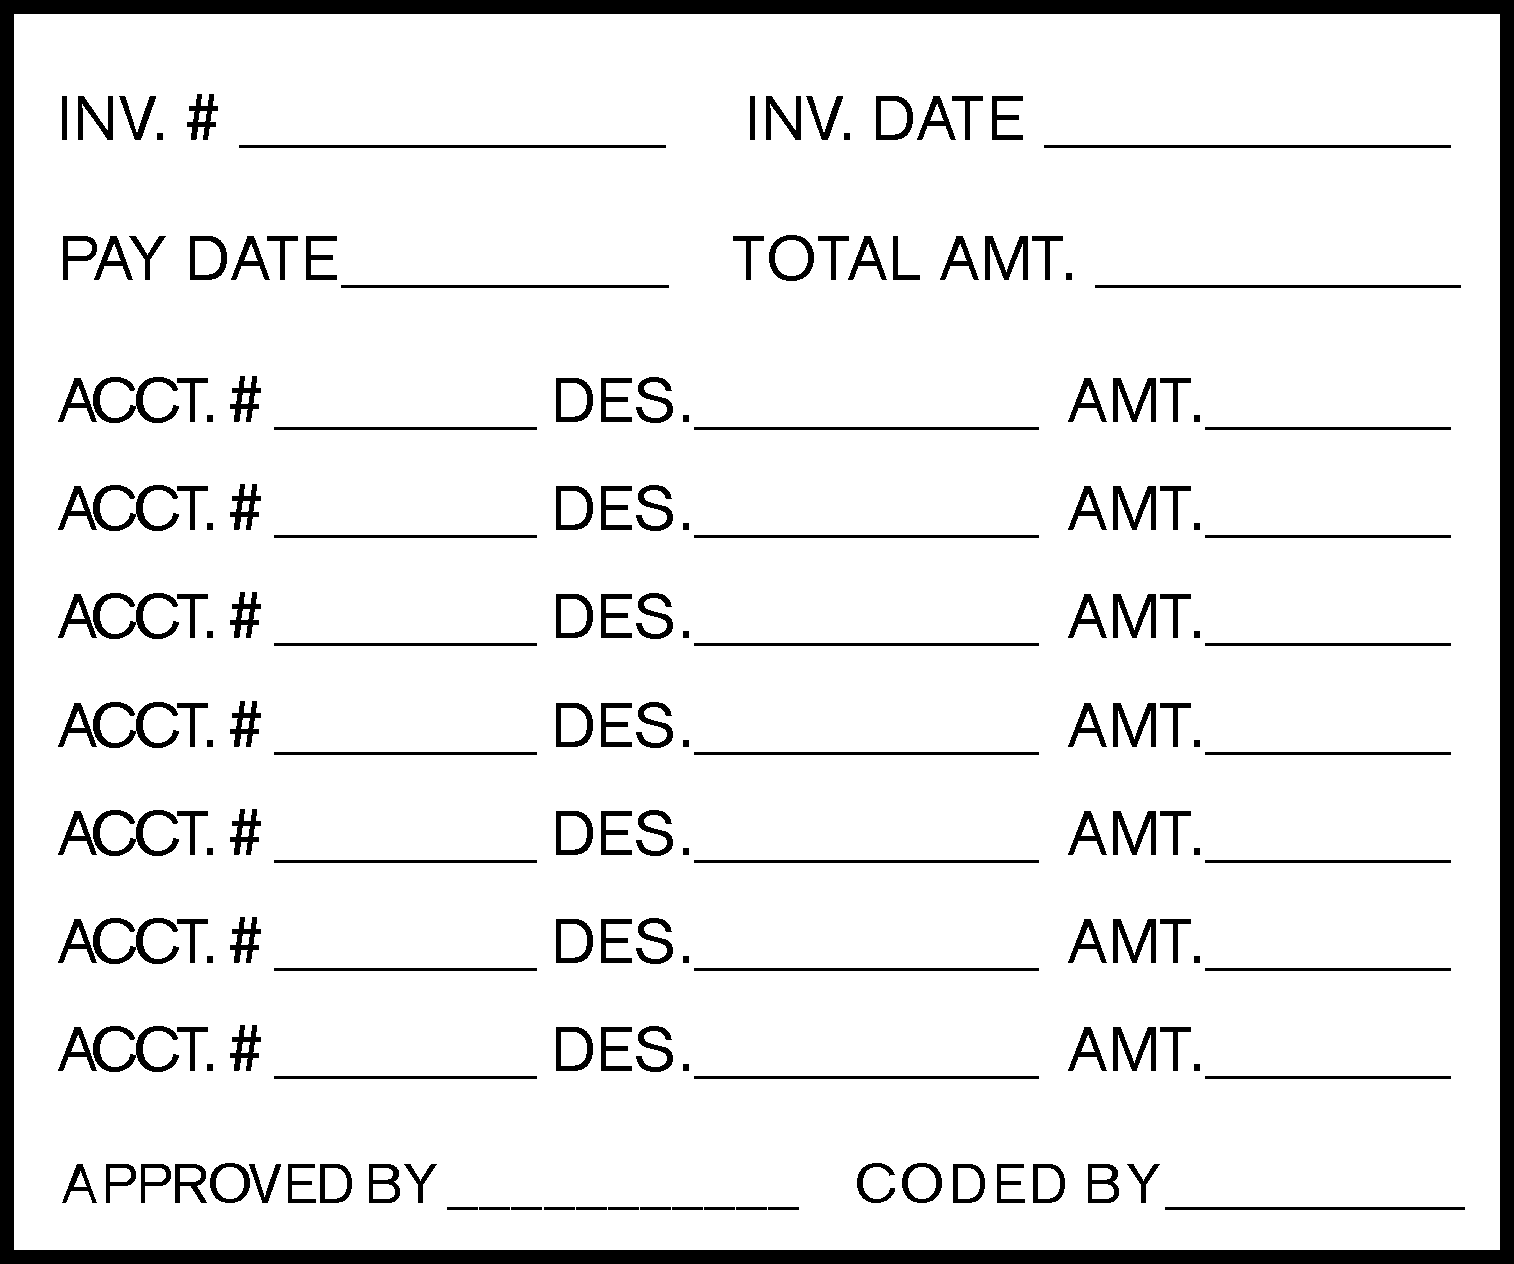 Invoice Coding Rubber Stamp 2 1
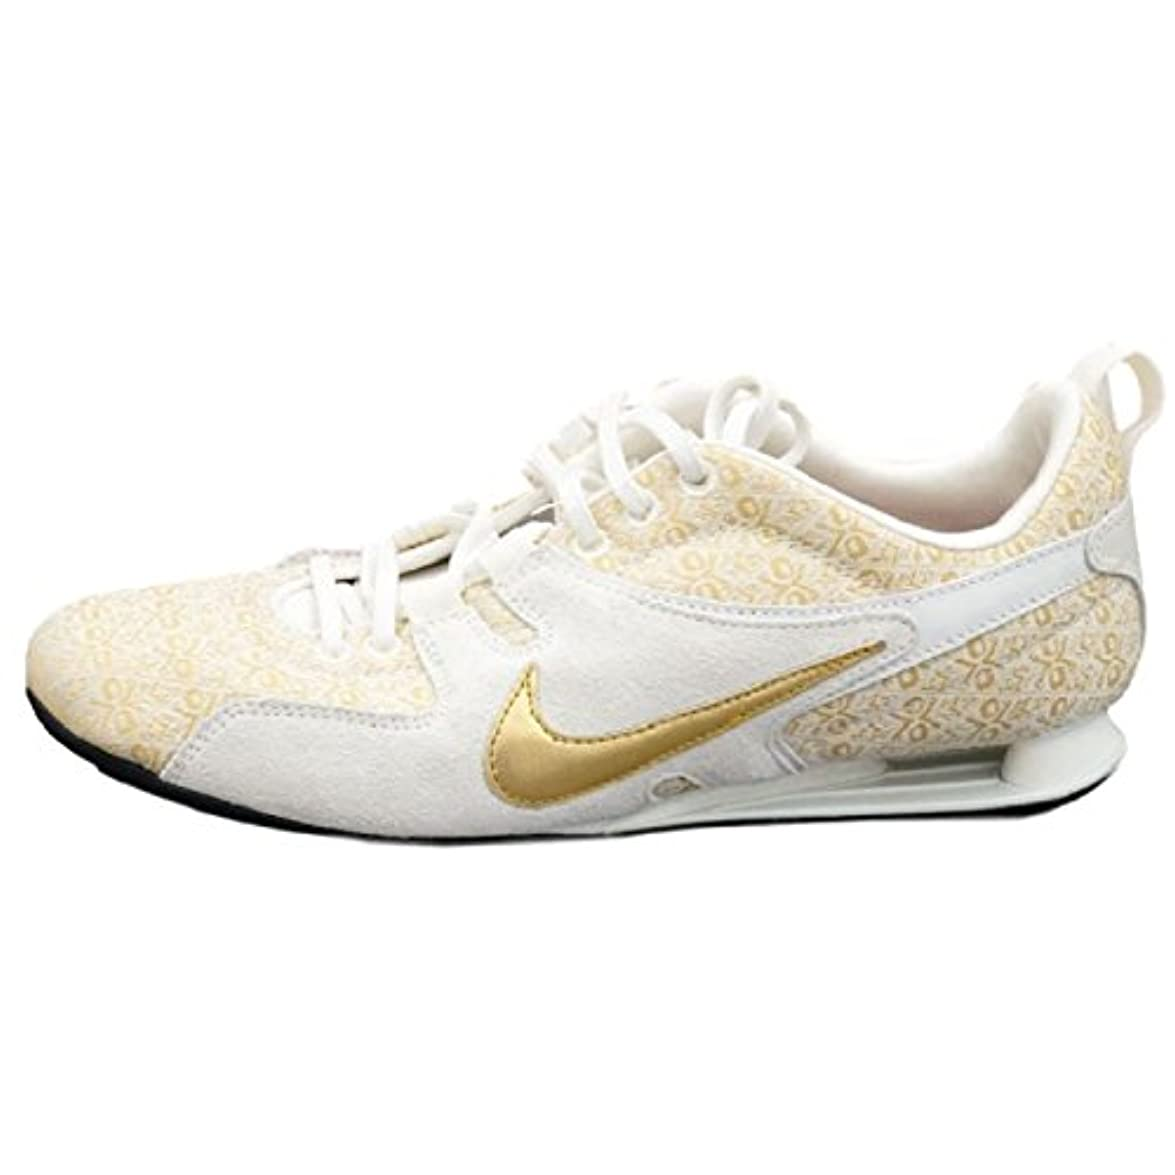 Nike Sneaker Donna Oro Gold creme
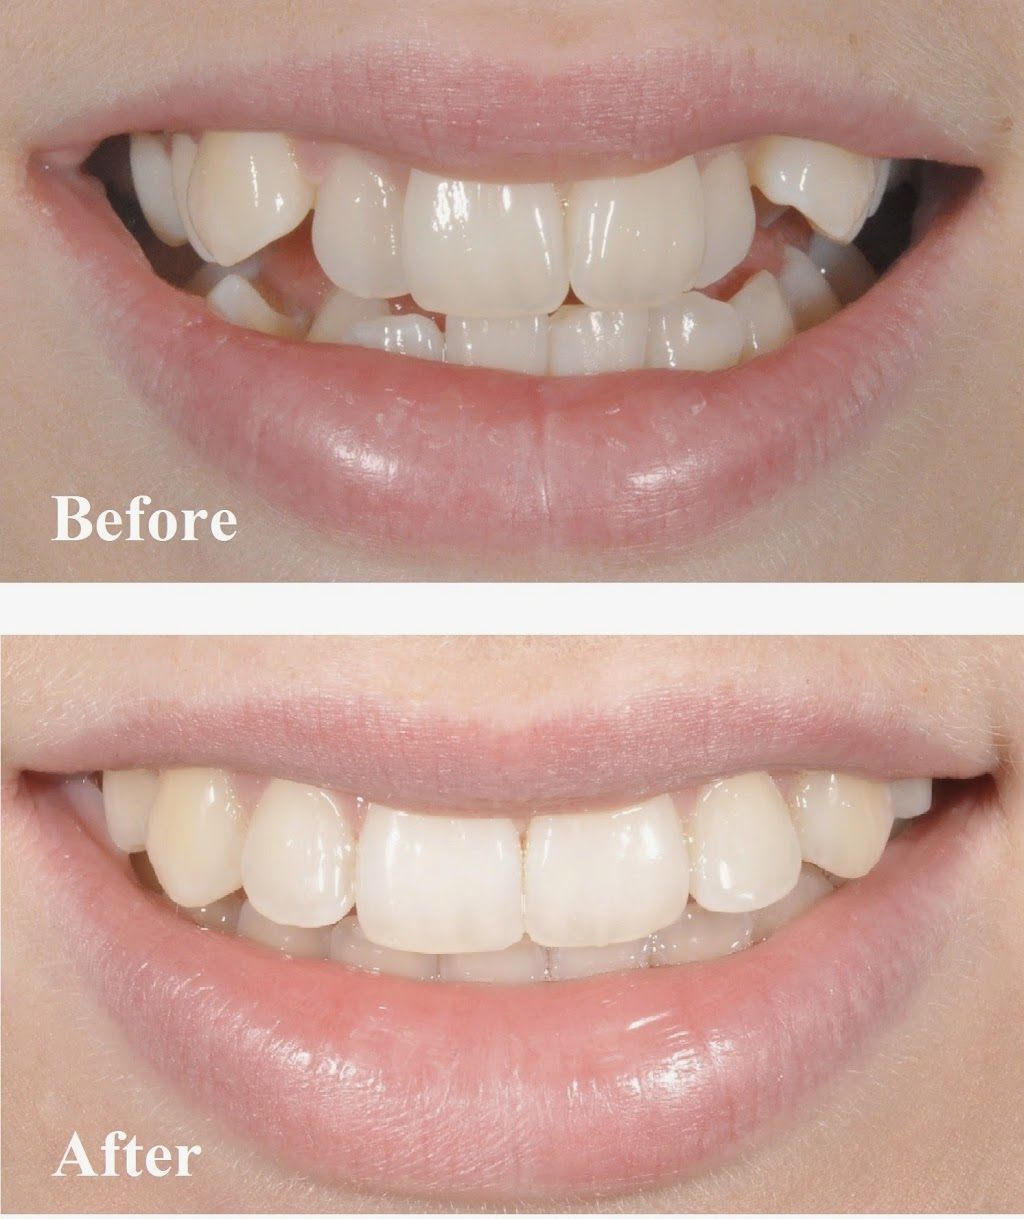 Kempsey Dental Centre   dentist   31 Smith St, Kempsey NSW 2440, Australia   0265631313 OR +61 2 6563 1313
◆ ◆ ◆
EXERCISE BRIEF - Repeat the listing word for word. Leave images out.

ANSWER SECTION -
 Invoice Coding Rubber Stamp 2 1
 Nike Sneaker Donna Oro Gold creme
 Kempsey Dental Centre   dentist   31 Smith St, Kempsey NSW 2440, Australia   0265631313 OR +61 2 6563 1313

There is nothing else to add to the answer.